** EXERCISE **
For the material below, reproduce exactly each line from the one that has "Jil Sander Black" through the one that has "Noir: Staring At", and no others; pictures stay out.

** AVAILABLE DATA **
"""
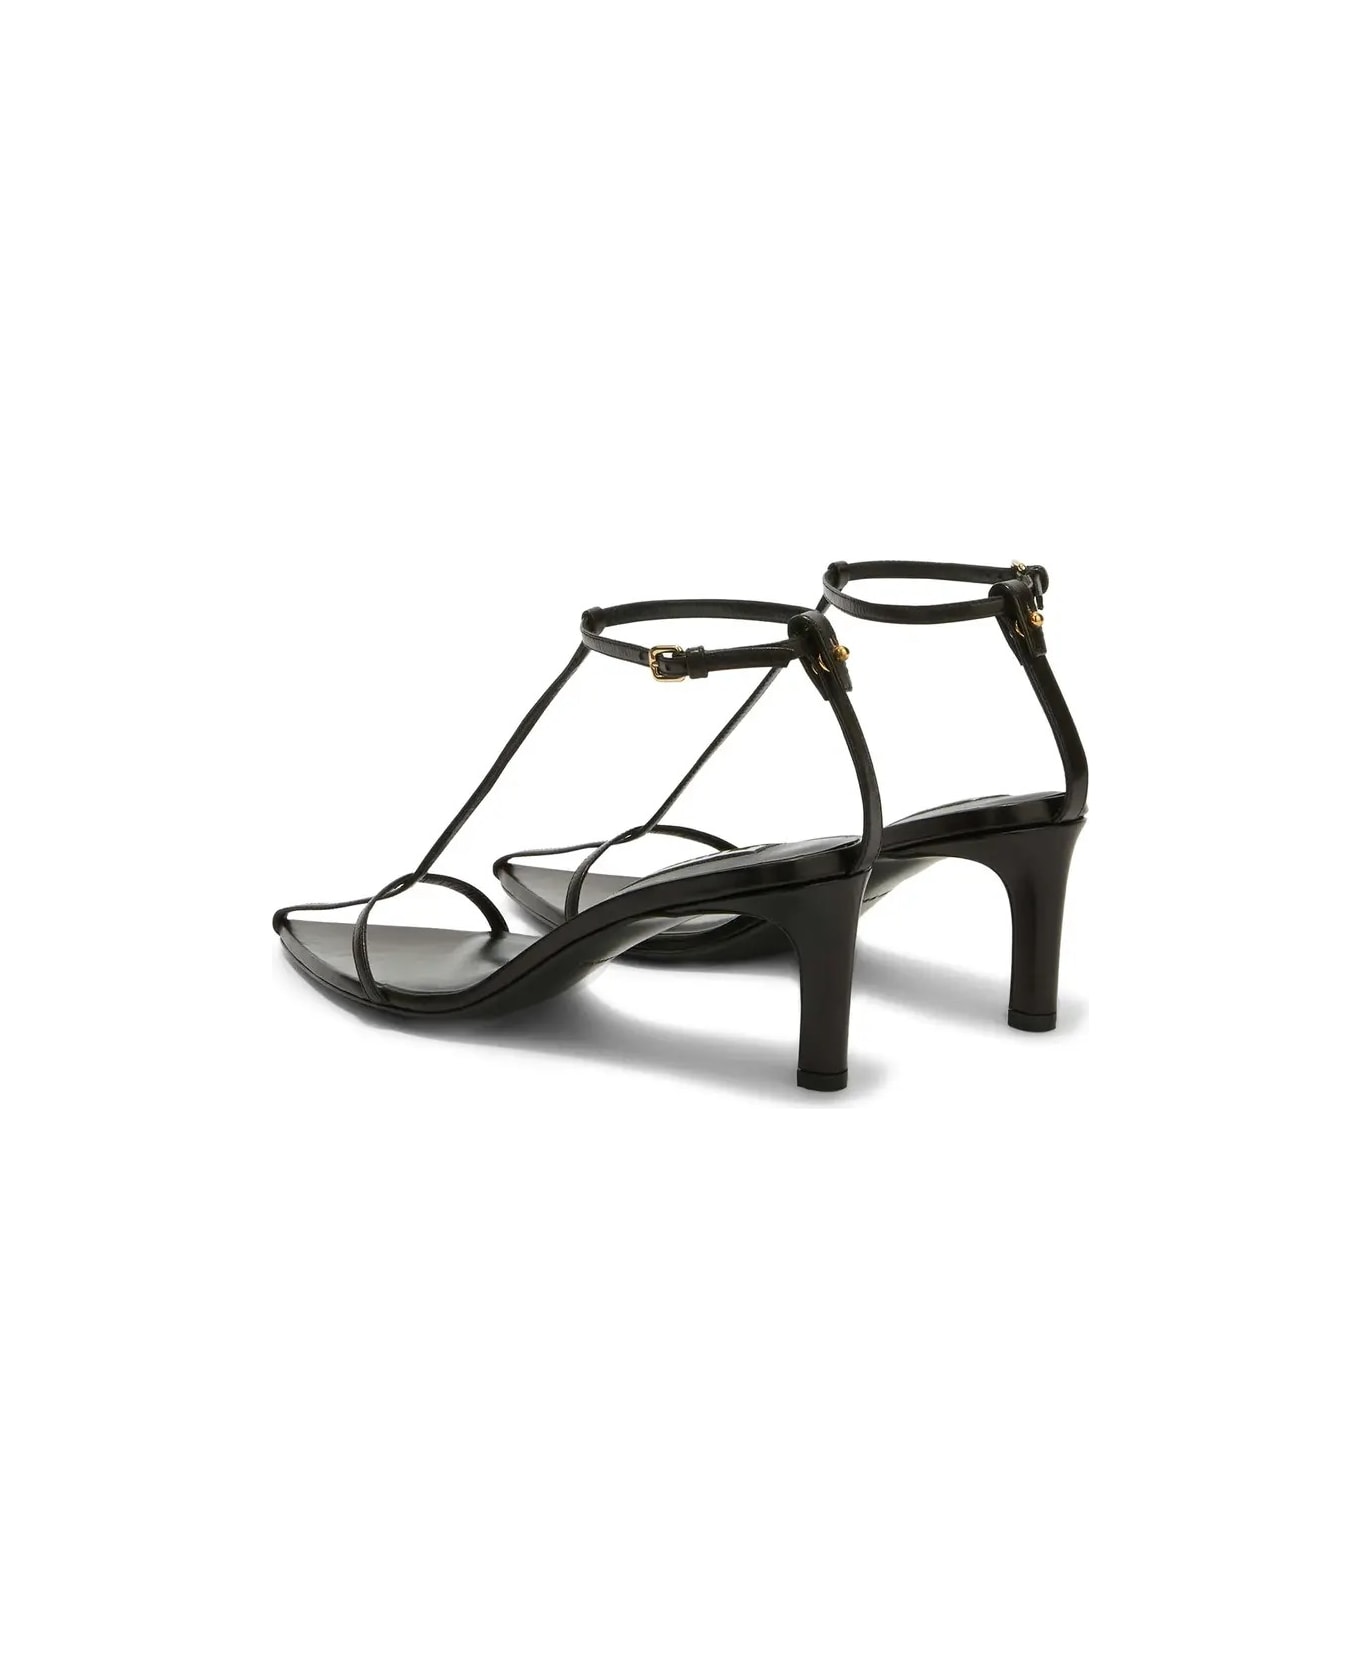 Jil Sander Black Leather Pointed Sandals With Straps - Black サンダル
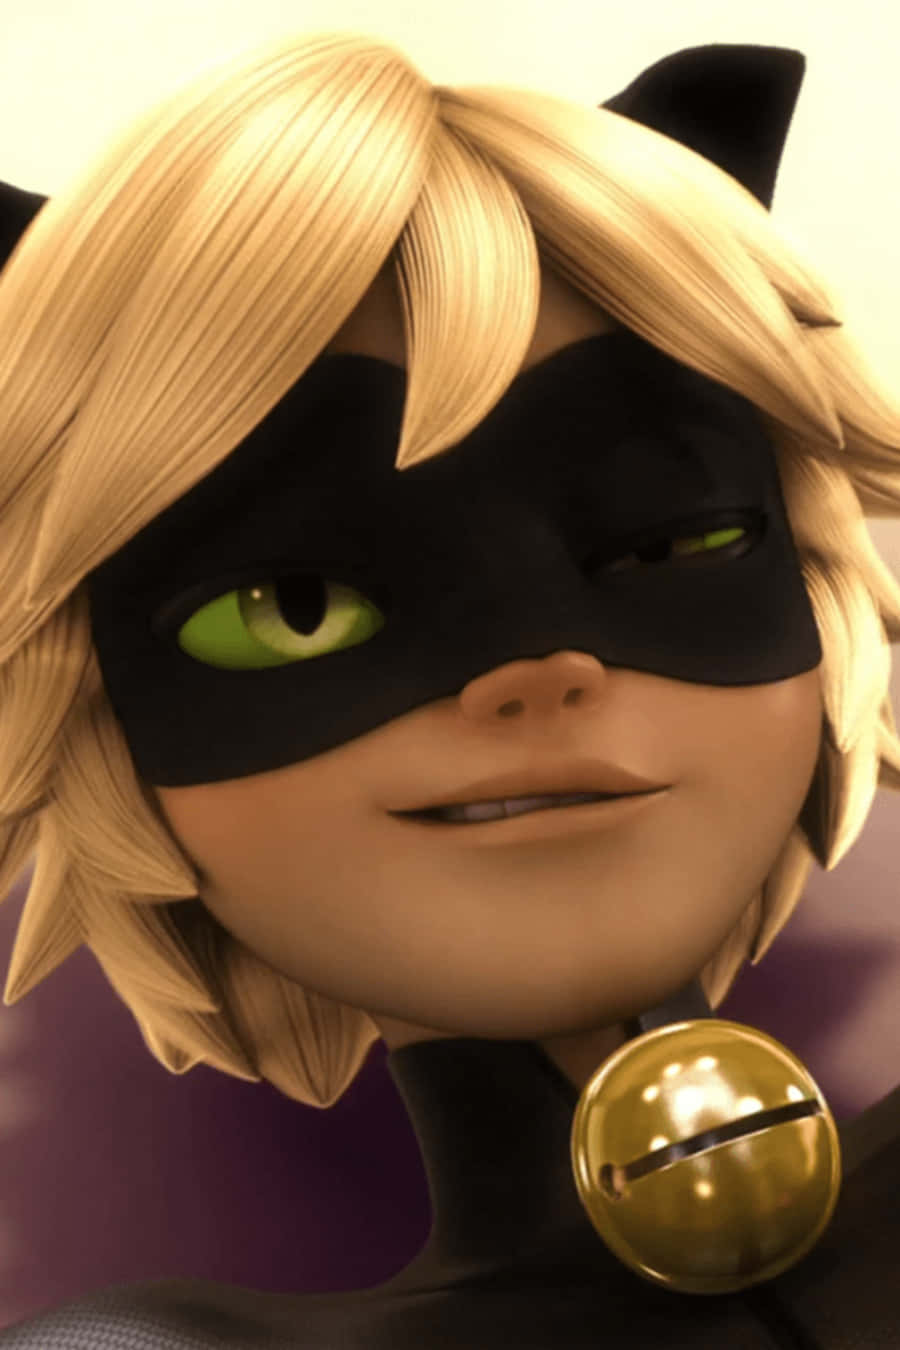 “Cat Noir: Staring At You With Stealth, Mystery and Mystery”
"""
"""
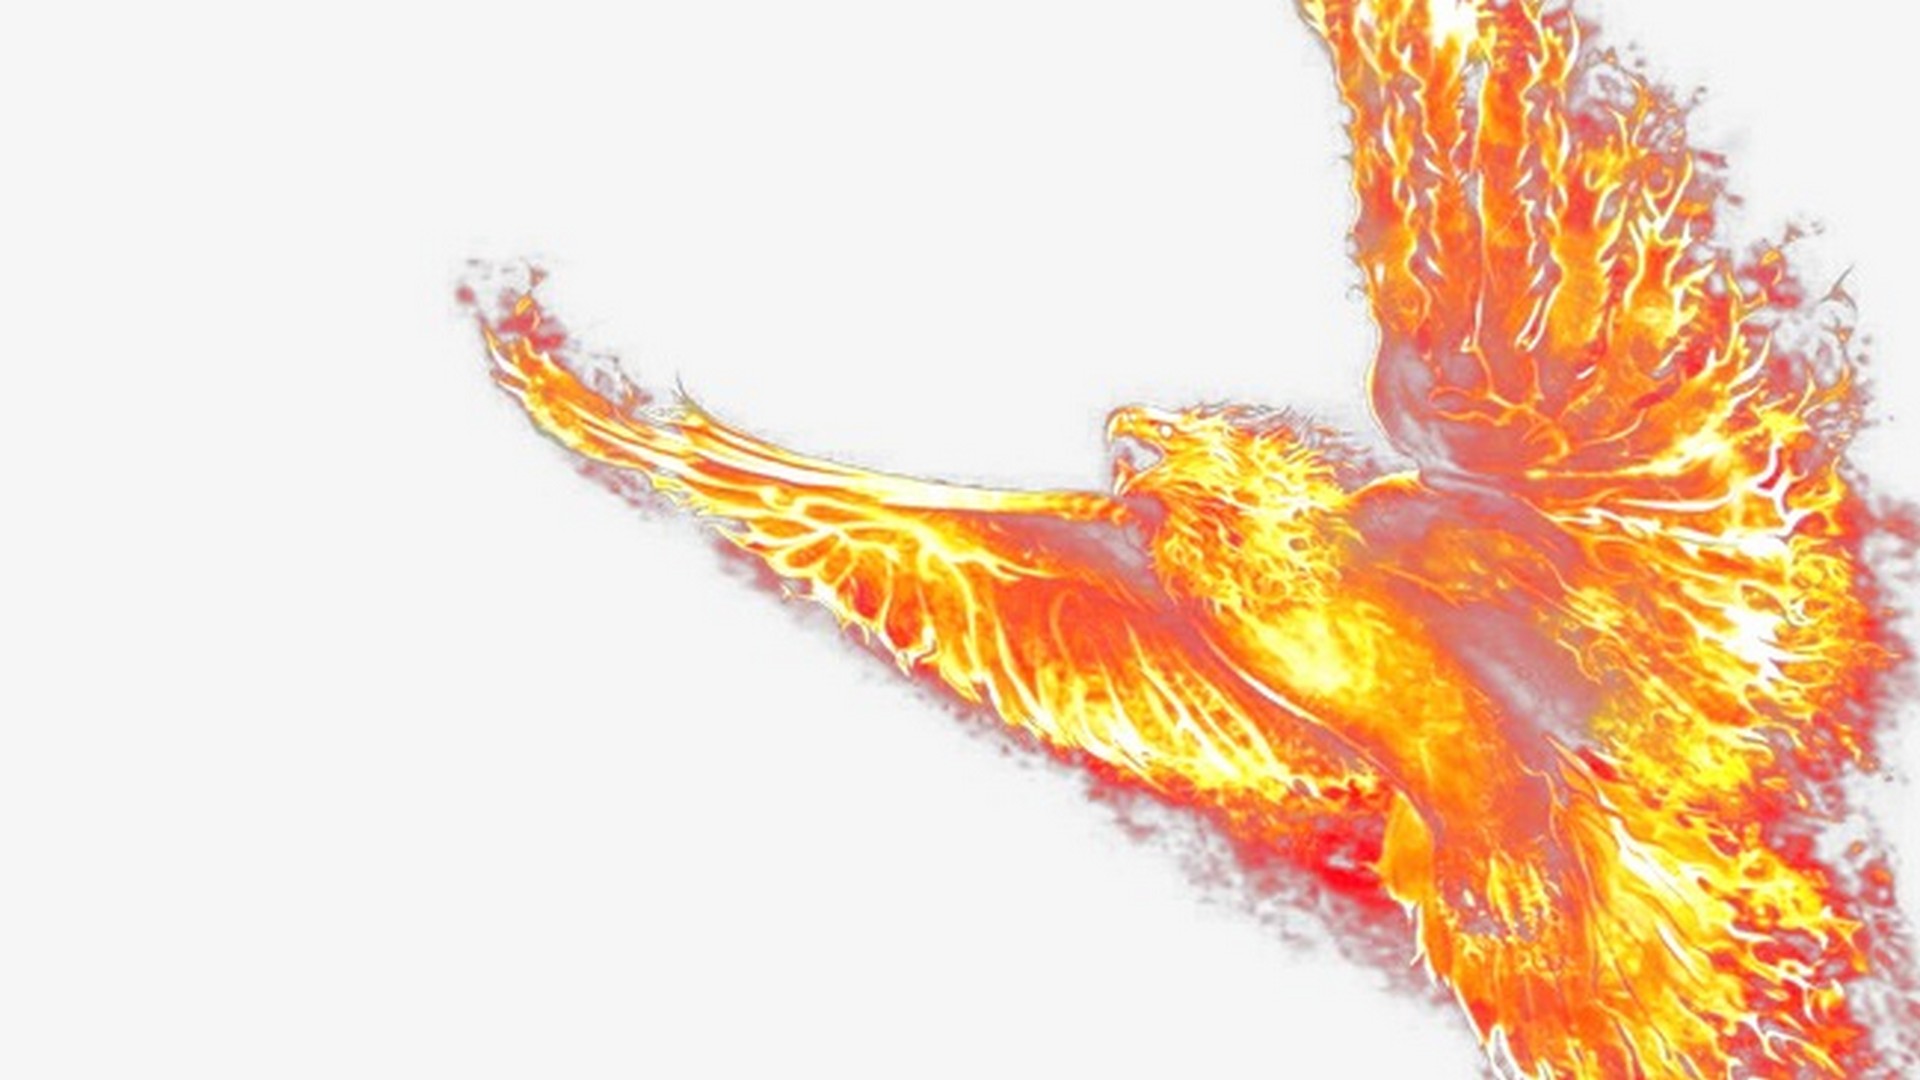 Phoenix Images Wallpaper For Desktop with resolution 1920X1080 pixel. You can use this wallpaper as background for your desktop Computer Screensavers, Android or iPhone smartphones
"""
** TASK ANSWER **
 Jil Sander Black Leather Pointed Sandals With Straps - Black サンダル
 “Cat Noir: Staring At You With Stealth, Mystery and Mystery”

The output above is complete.